SPGP Holdings, backed by Canada-based Erwin Braich, offers a $1.2 billion deal to YES Bank.
|December 2019||Yes, Bank shares fell over 9% as Moody’s gave a ‘negative’ outlook, citing asset quality concerns and the shrinking capital.||46.65|
|January 2020||Yes, Bank board member Uttam Prakash Agarwal resigns citing poor corporate governance and writing SEBI seeking a regulatory probe into insider trading resulting in shares to fall more 6%.
YES, Bank announced that it will not proceed with the $1.2 billion offer by Canada-based Erwin Braich. It also further scales down its fundraising plans.
|March 2020||The moratorium imposed by RBI with withdrawals capped at 50,000, SBI and LIC planning to buy stakes in the bank.||16.15|
As is evident from the data in the table, after several management position changes including resignations, allegations of insider trading, an increasing number of NPAs, sharp drops in the share price, failure to secure an investor, the RBI decided to step indefinitely.
According to RBI, in the absence of a credible revival plan, and in public interest and the interest of the bank’s depositors, it had no alternative but to impose a moratorium.
Yes, Bank has 29L savings bank accounts and deposits worth 2.09L Crore of Rupees within 1122 branches across the country, 3.47L crore rupees in assets and is currently under a moratorium placed by RBI and limit on withdrawals for up to 50,000 for a month.
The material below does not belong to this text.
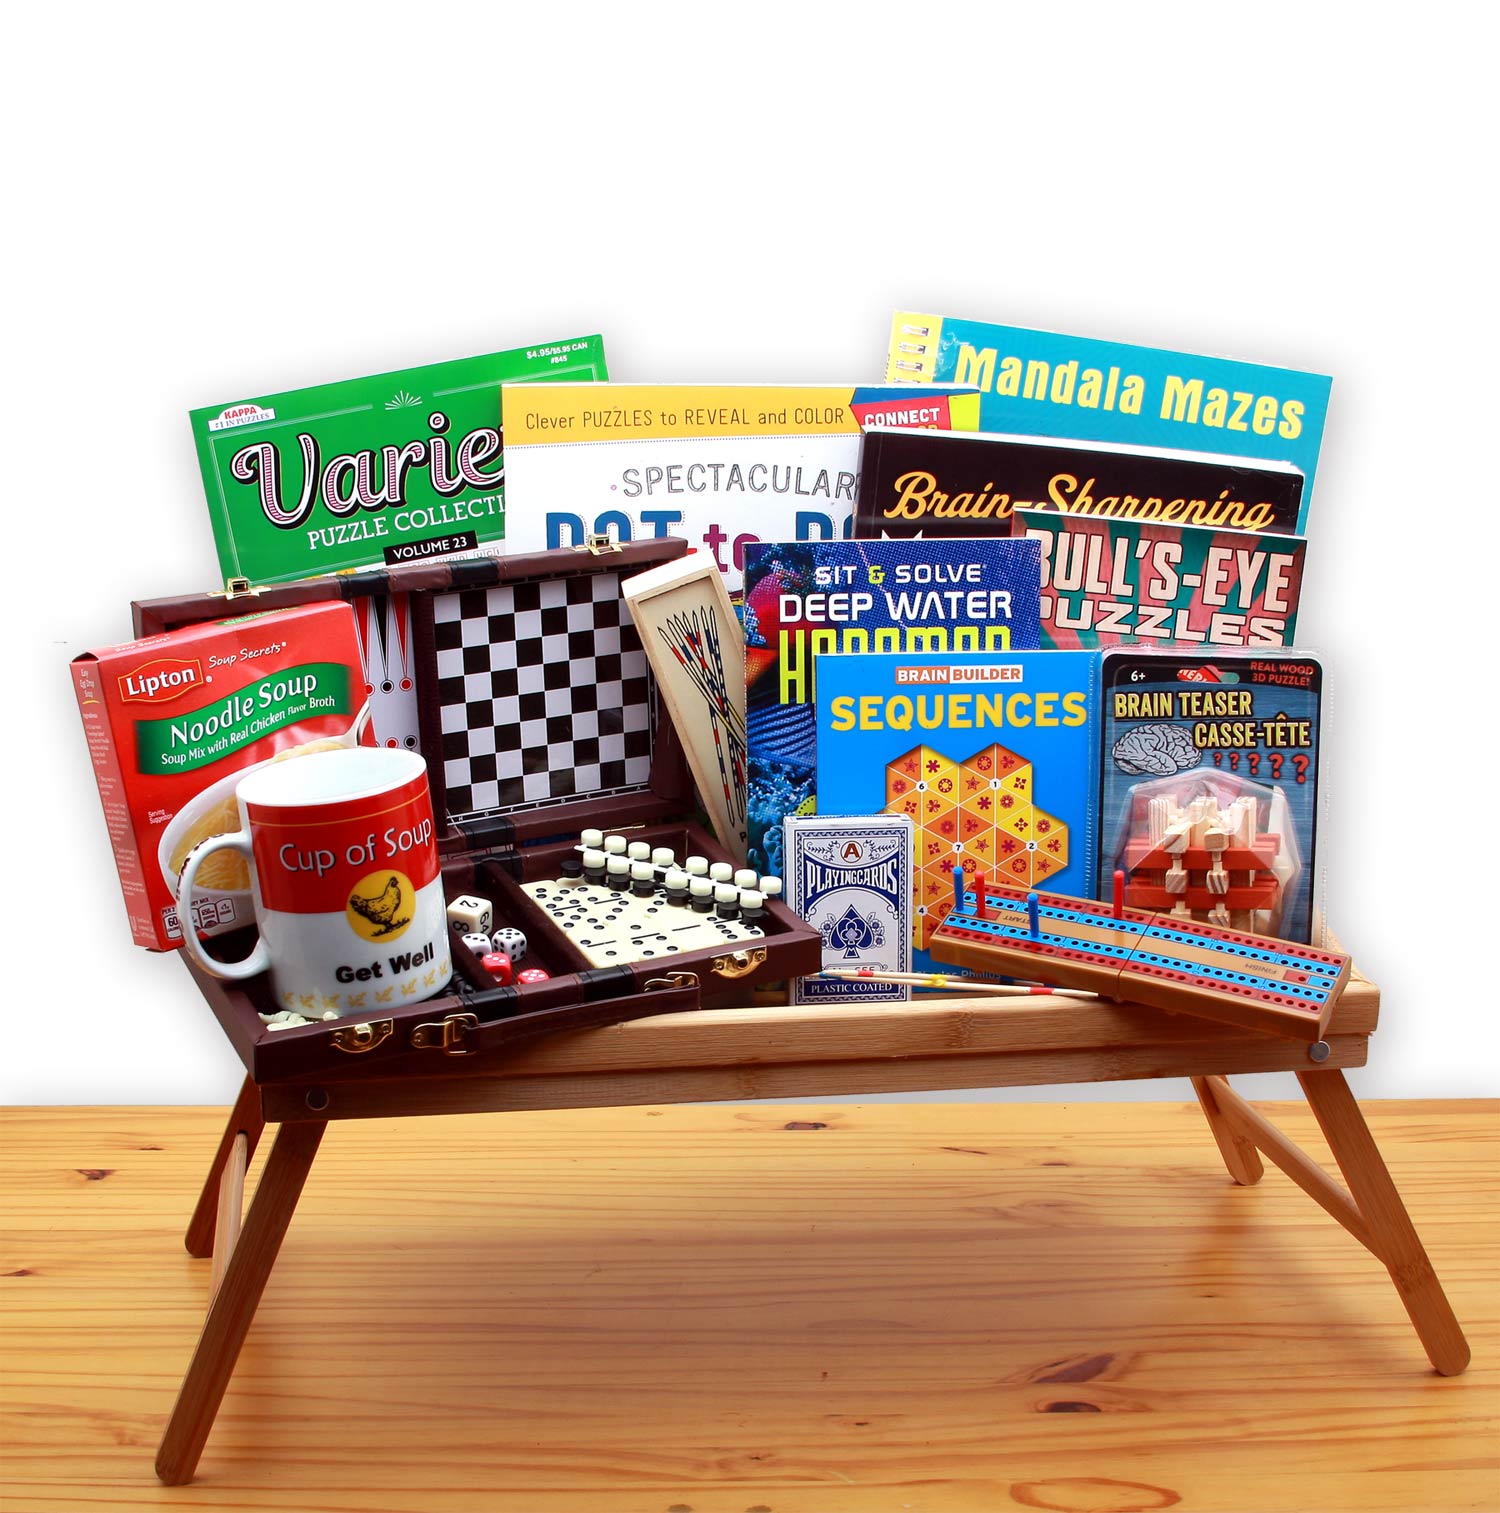 Rest & Recovery Get Well Activity Tray - get well soon basket - get well soon gifts for women - get well soon gifts for men

Meanwhile, RBI is devising revival plans for the bank with SBI and LIC planning to bail out Yes Bank by buying its stake for a less than justifiable amount.
The withdrawal limit in the event of medical emergencies, higher education fees or marriage expenses has been relaxed up to a cap of Rs 5 lakh. Online transaction-based mobile application PhonePe is temporarily down as its UPI partner was Yes Bank. Moreover, 20 asset managers hold Yes Bank’s shares worth Rs 525.5 crore through 72 schemes, according to data from Value Research among which HDFC Mutual Fund has the highest percentage. The RBI has come forward and assured depositors of the bank that their interests will be fully protected and there is no need to panic.
With all of Yes Bank’s operations under strict scrutiny by the RBI and zero power to its Board of Directors, the future of the bank can only be as hopeful as much as the RBI feels merciful.